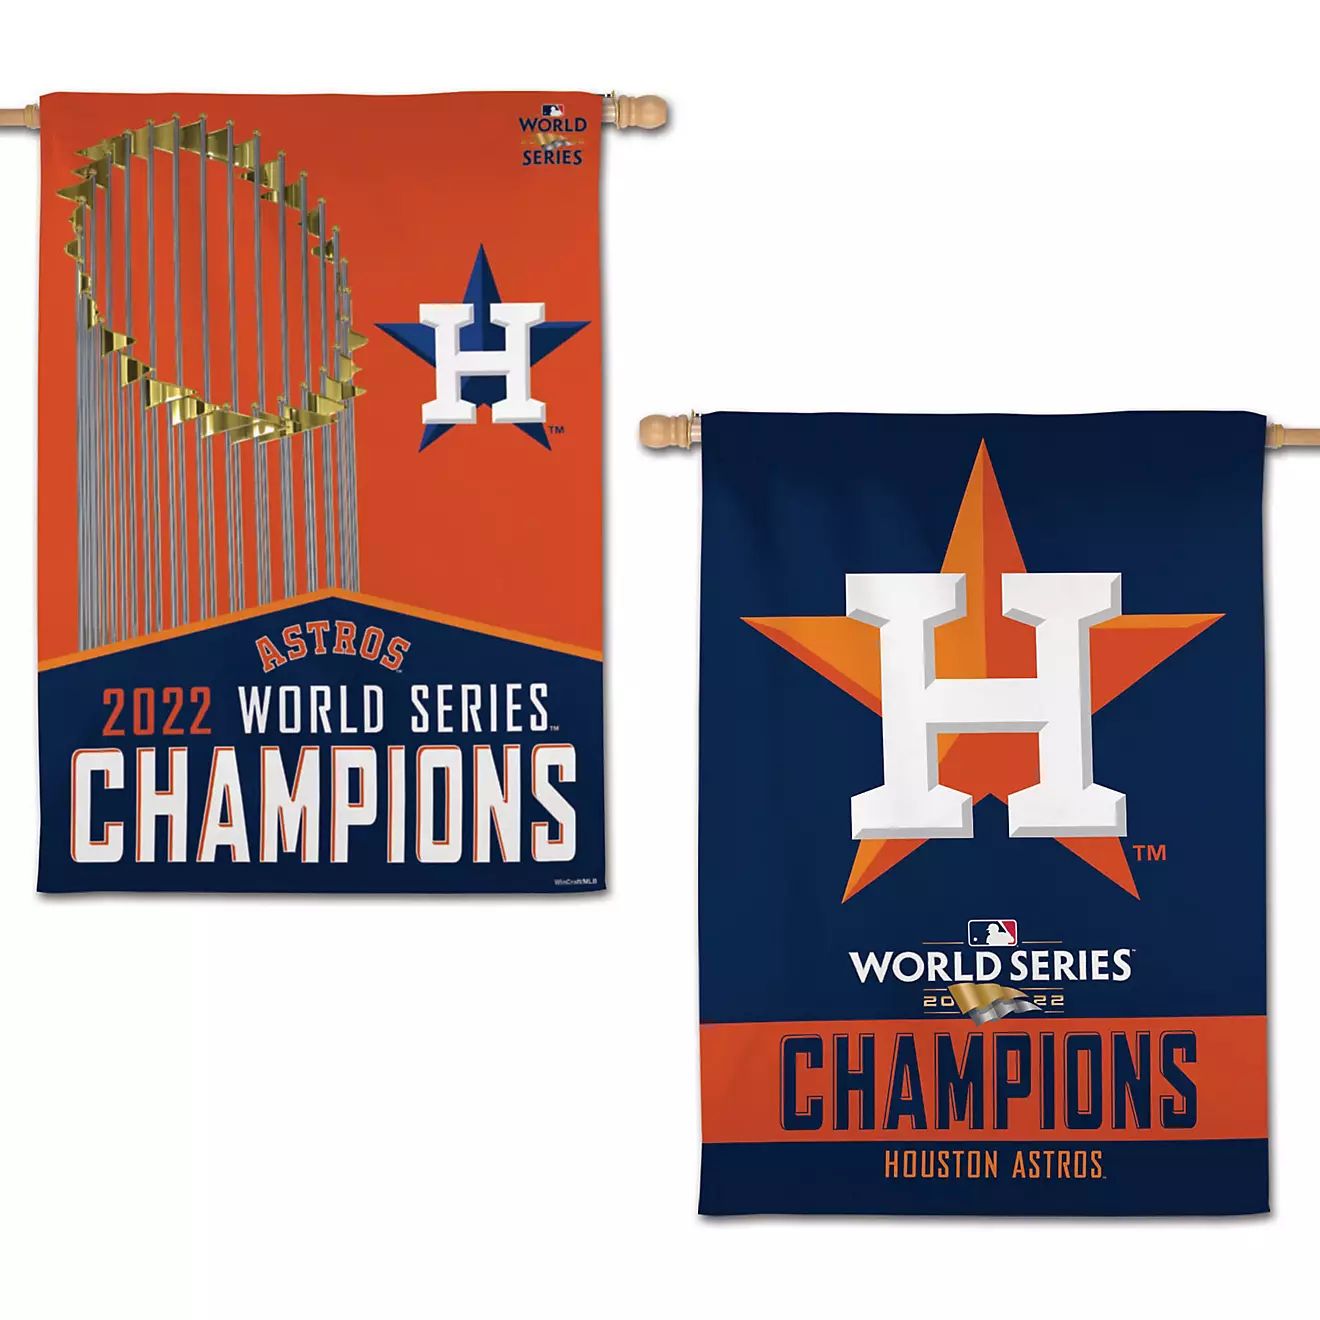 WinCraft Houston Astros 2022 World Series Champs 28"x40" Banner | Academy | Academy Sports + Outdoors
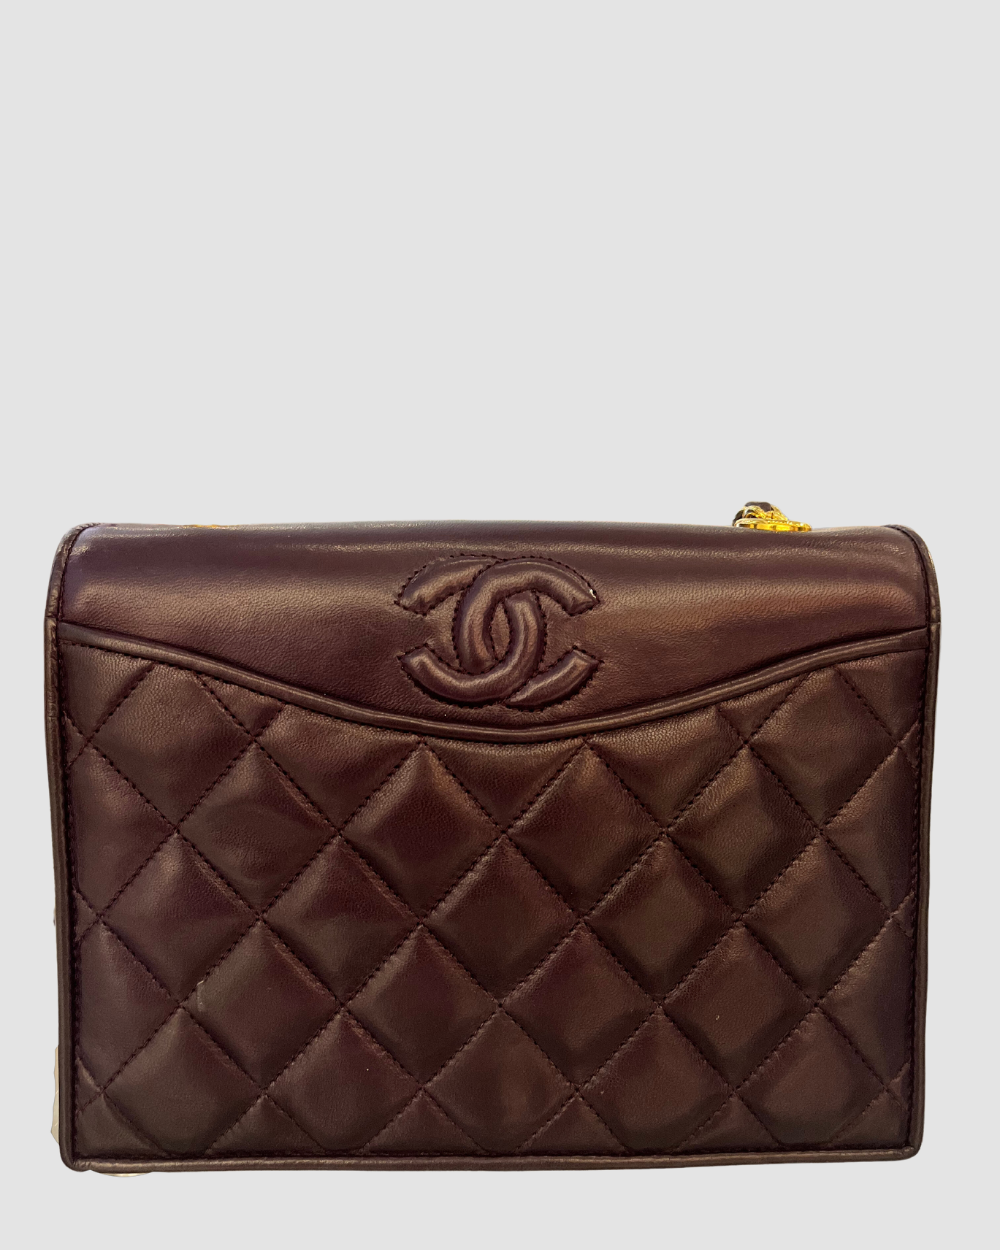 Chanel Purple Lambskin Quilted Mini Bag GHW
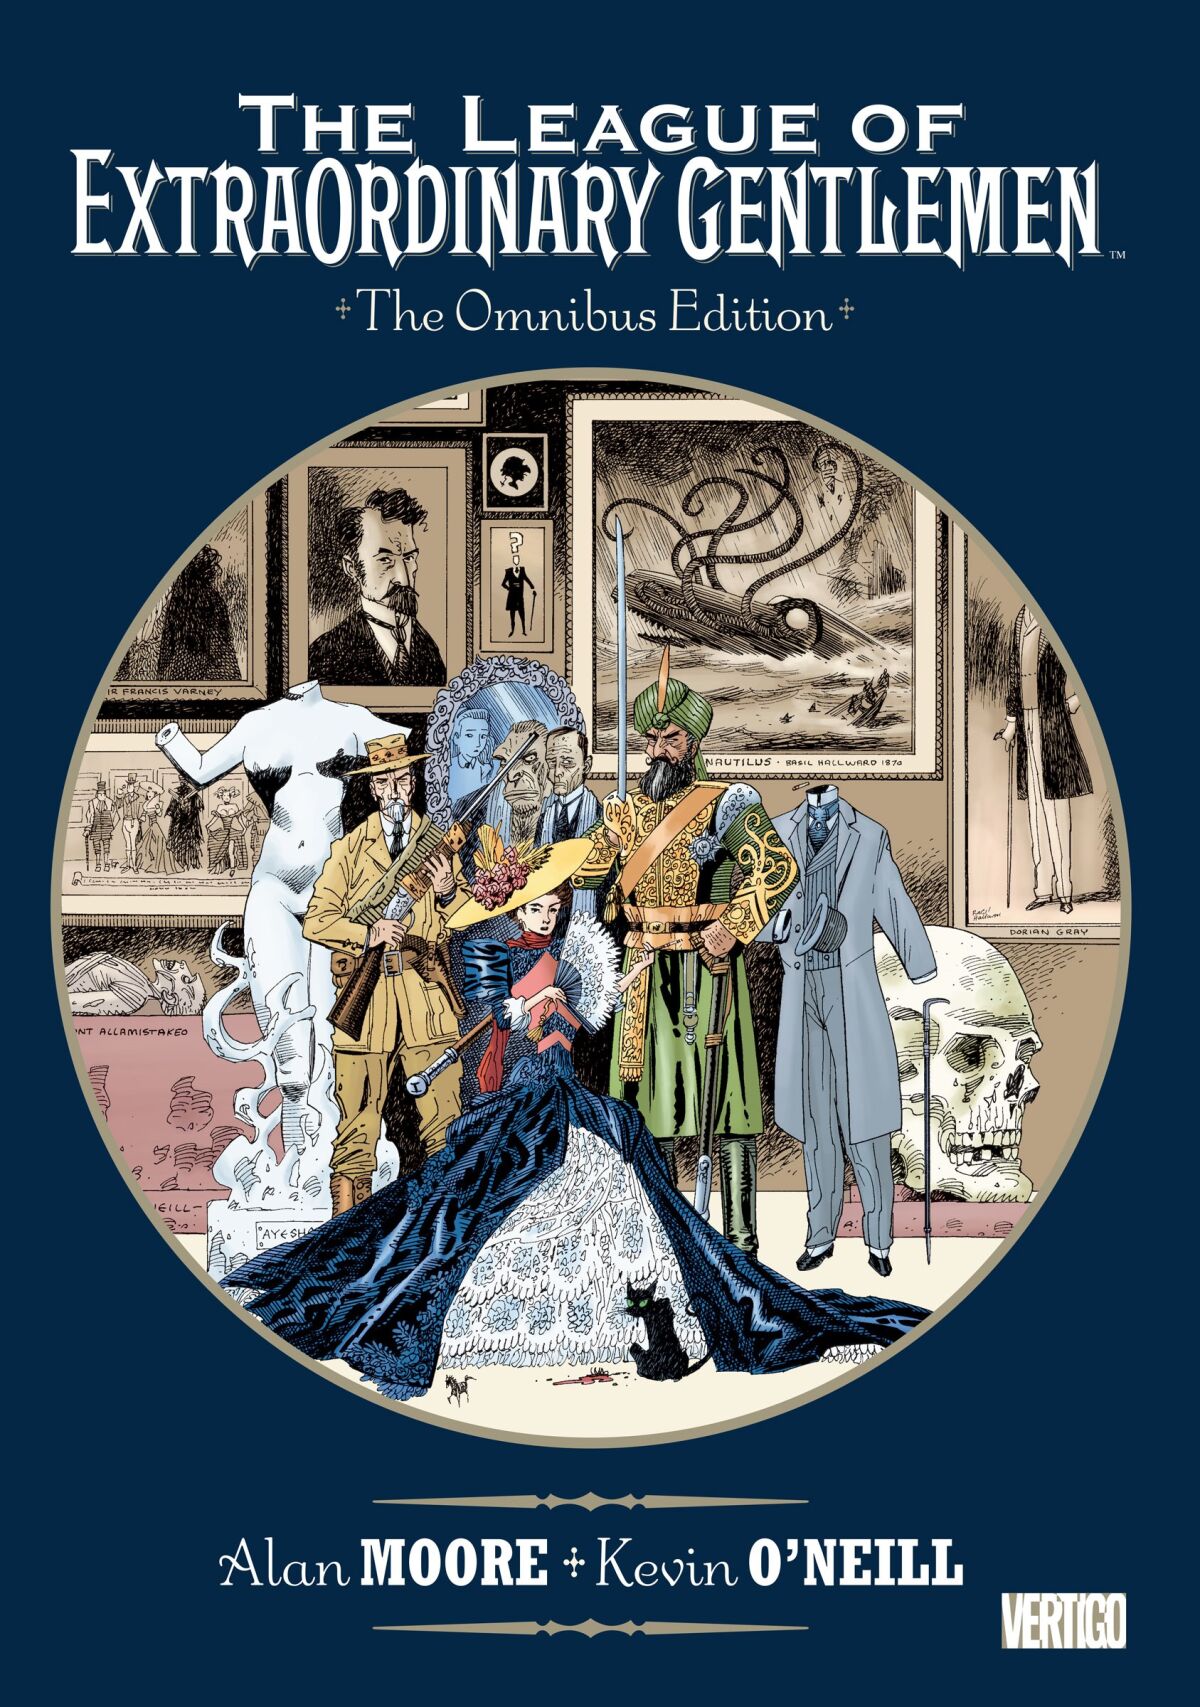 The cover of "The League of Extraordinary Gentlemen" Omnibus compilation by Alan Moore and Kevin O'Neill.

::::::

▶ TASK DETAILS:
From the line containing "Chanel Purple Lambskin Quilted Mini Bag GHW" to the final line above, both included, transcribe every line exactly and leave all pictures out.

▶ YOUR SOLUTION:
 Chanel Purple Lambskin Quilted Mini Bag GHW
 The cover of "The League of Extraordinary Gentlemen" Omnibus compilation by Alan Moore and Kevin O'Neill.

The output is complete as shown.